Mounted at /content/drive


# Train and Save Model

In [None]:
with open("/content/drive/MyDrive/hateslop_final/res/corpus.pkl","rb") as f:
    corpus = pickle.load(f)

In [None]:
# 샘플 향수 설명 데이터
corpus = corpus

# 전처리 함수 (소문자 변환, 특수 문자 제거, 불용어 제거)
def preprocess_text(text):
    text = text.lower()  # 소문자 변환
    text = re.sub(r"[^\w\s]", "", text)  # 특수 문자 제거
    words = word_tokenize(text)  # 단어 토큰화
    words = [word for word in words if word not in stopwords.words("english")]  # 불용어 제거
    return words

# 모든 문장 전처리 적용
tokenized_corpus = [preprocess_text(sentence) for sentence in corpus]

# FastText 모델 학습
fasttext_model = FastText(sentences=tokenized_corpus, vector_size=100, window=5, min_count=1, sg=1, workers=4)

# 모델 저장
fasttext_model.save("/content/drive/My Drive/hateslop_final/fasttext_perfume.model")

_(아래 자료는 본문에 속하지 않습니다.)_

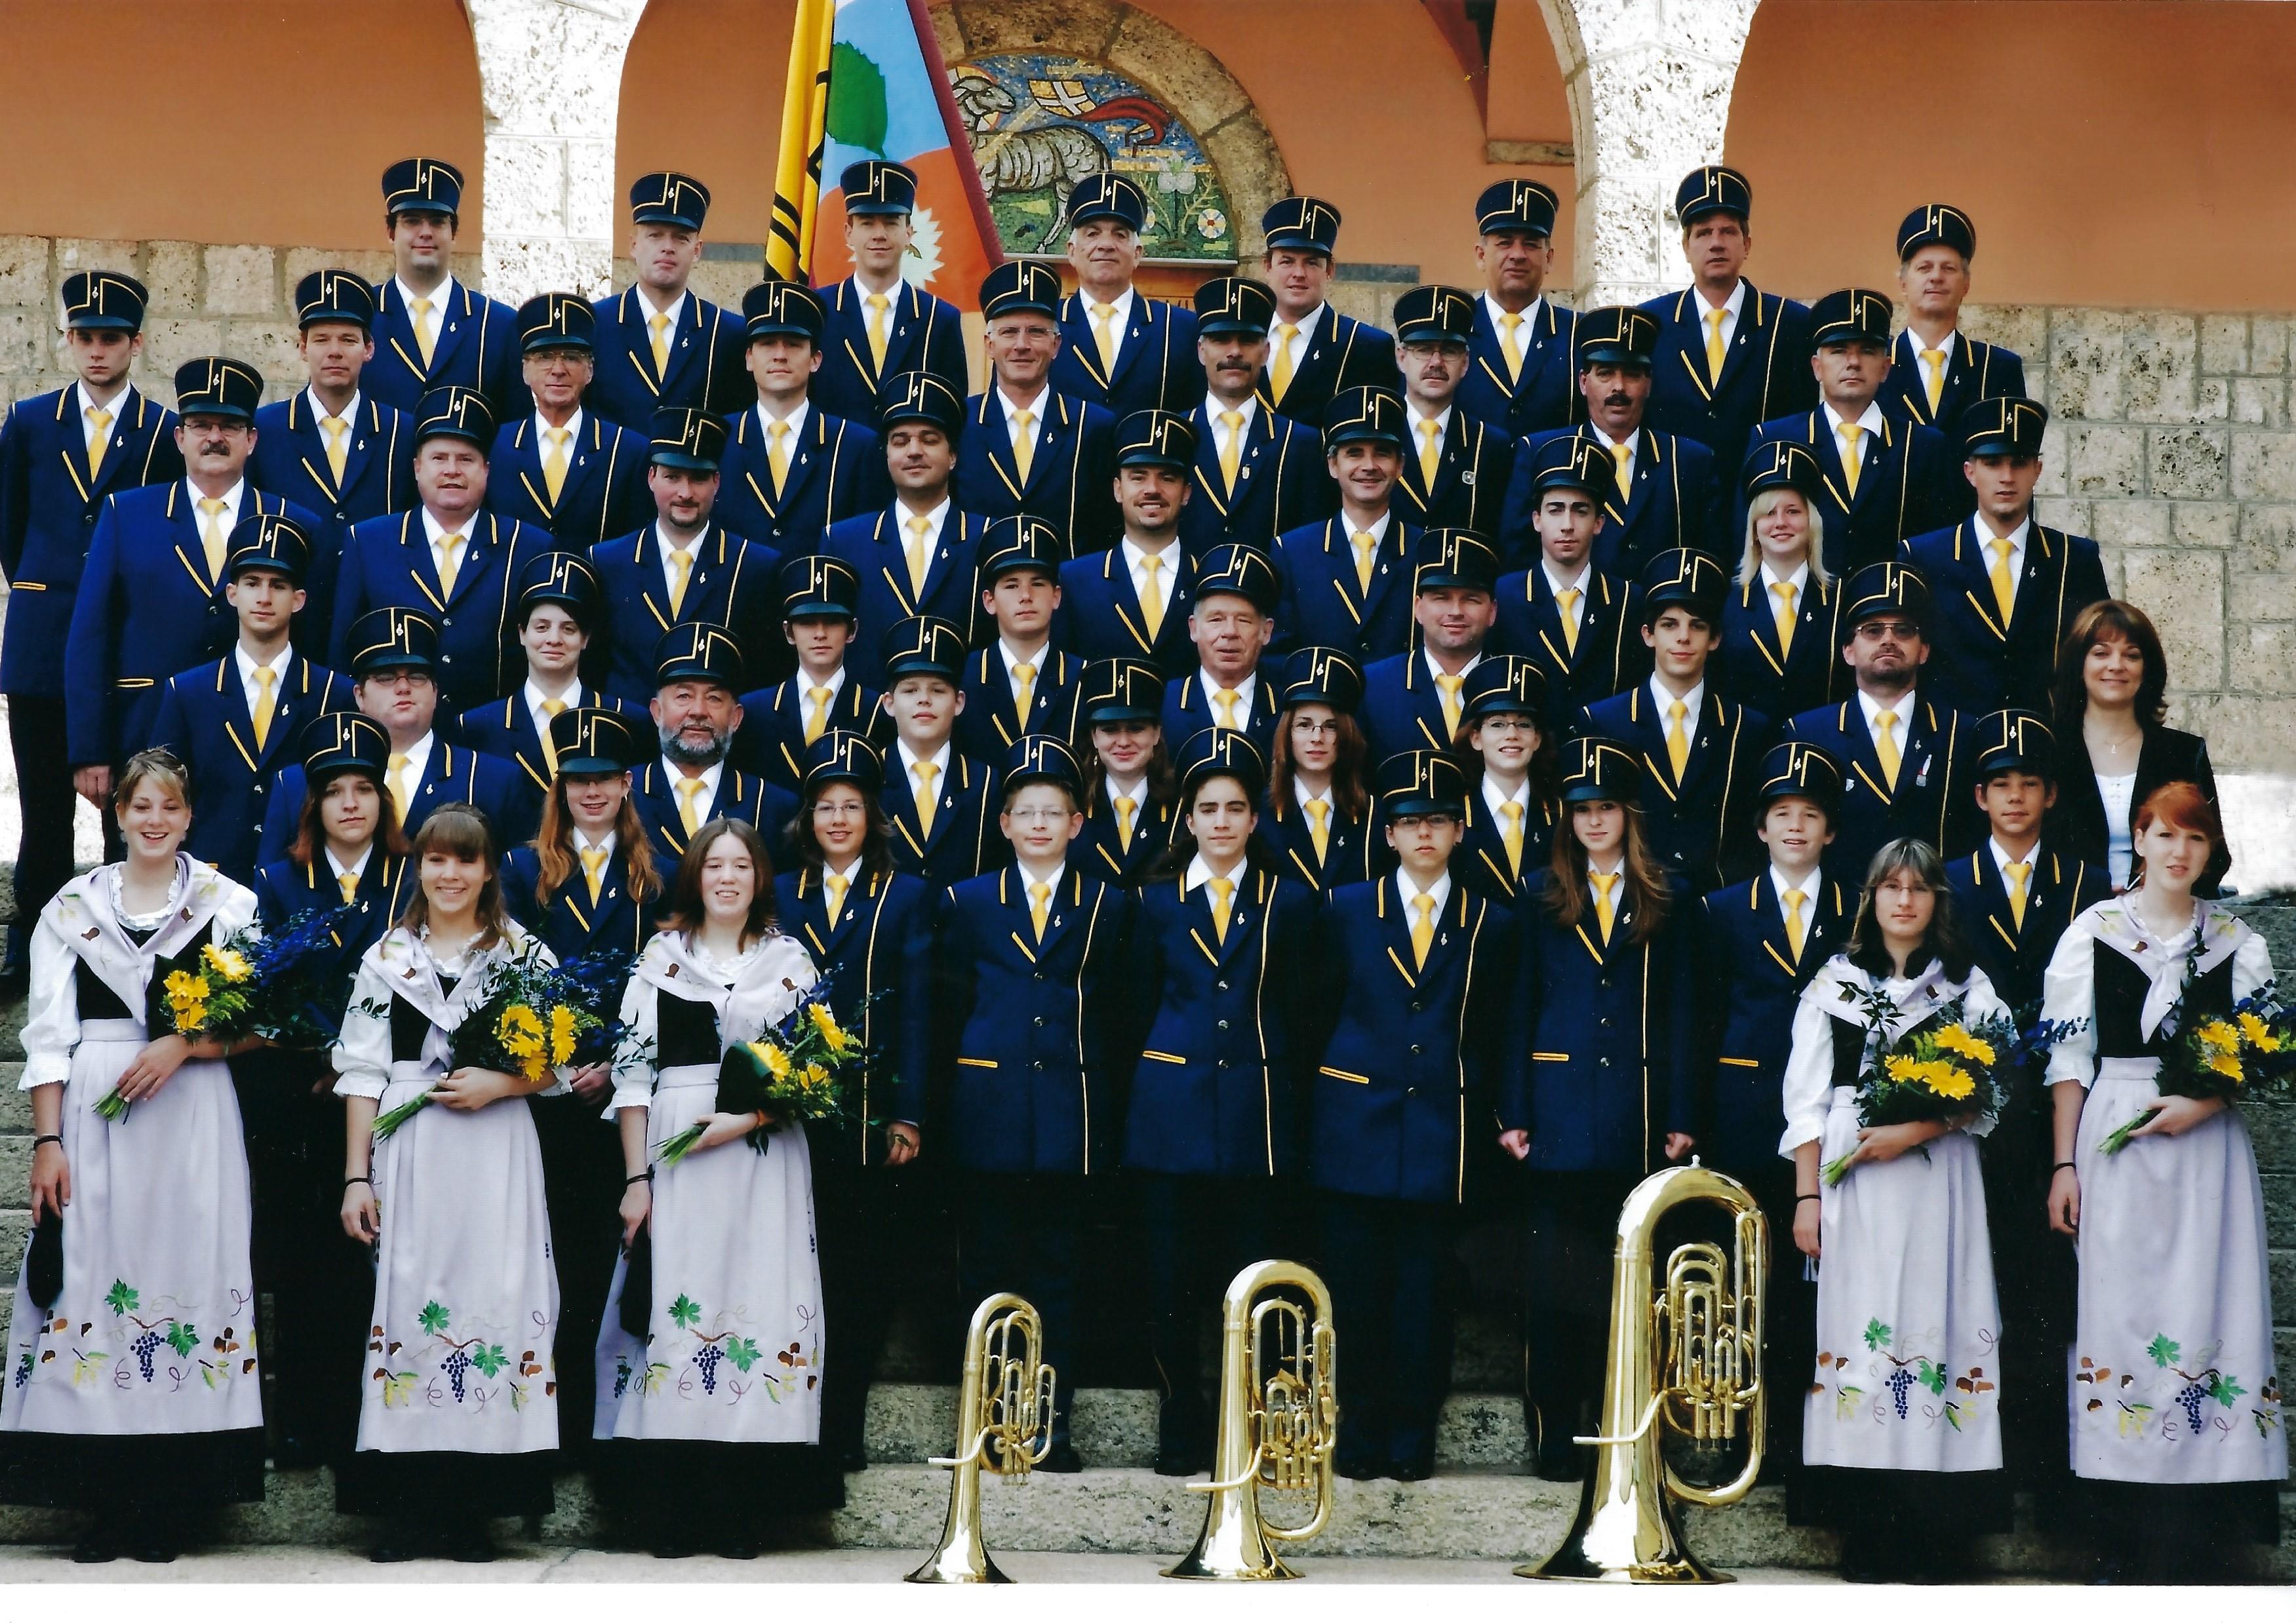 La fanfare vêtue de son nouvel uniforme en 2007

[nltk_data] Downloading package punkt to /root/nltk_data...
[nltk_data]   Unzipping tokenizers/punkt.zip.
[nltk_data] Downloading package stopwords to /root/nltk_data...
[nltk_data]   Unzipping corpora/stopwords.zip.
[nltk_data] Downloading package punkt_tab to /root/nltk_data...
[nltk_data]   Unzipping tokenizers/punkt_tab.zip.


# Upload Model

In [7]:
# 모델 불러오기
fasttext_model = FastText.load("/content/drive/My Drive/hateslop_final/fasttext_perfume.model")

In [8]:
# 'vanilla'과 가장 유사한 향료 5개 찾기
similar_notes = fasttext_model.wv.most_similar("vanila", topn=5)

print(similar_notes)

[('interlaced', 0.9997525811195374), ('smoky', 0.9996361136436462), ('driftwood', 0.9993314146995544), ('interwoven', 0.9993111491203308), ('richer', 0.9991893172264099)]


In [9]:
# 입력된 노트
input_notes = {"bergamot", "vanilla", "ceder", "patchuli", "vetiver"}

# 입력 노트와 유사한 향료 찾기
expanded_notes = set(input_notes)
for note in input_notes:
    try:
        similar_words = fasttext_model.wv.most_similar(note, topn=3)  # 각 노트별 유사한 단어 3개씩 추가
        expanded_notes.update([word[0] for word in similar_words])
    except KeyError:
        print(f"{note} not in vocabulary")

print("확장된 노트 목록:", expanded_notes)


확장된 노트 목록: {'dry', 'taste', 'patchuli', 'empowered', 'hearts', 'bergamot', 'customs', 'passiflora', 'symphony', 'avenue', 'vanilla', 'muracciole', 'merge', 'enrich', 'halloween', 'ceder', 'foliage', 'vetiver', 'raspberry', 'smoky'}


In [None]:
# 향수 노트 벡터 변환 함수
def perfume_to_vector(notes):
    note_list = notes.split(", ")  # 문자열 → 리스트 변환
    vectors = [fasttext_model.wv[note] for note in note_list if note in fasttext_model.wv]

    if vectors:
        return np.mean(vectors, axis=0)  # 평균 벡터 반환
    else:
        return np.zeros(100)  # FastText 벡터 차원 (예: 100차원)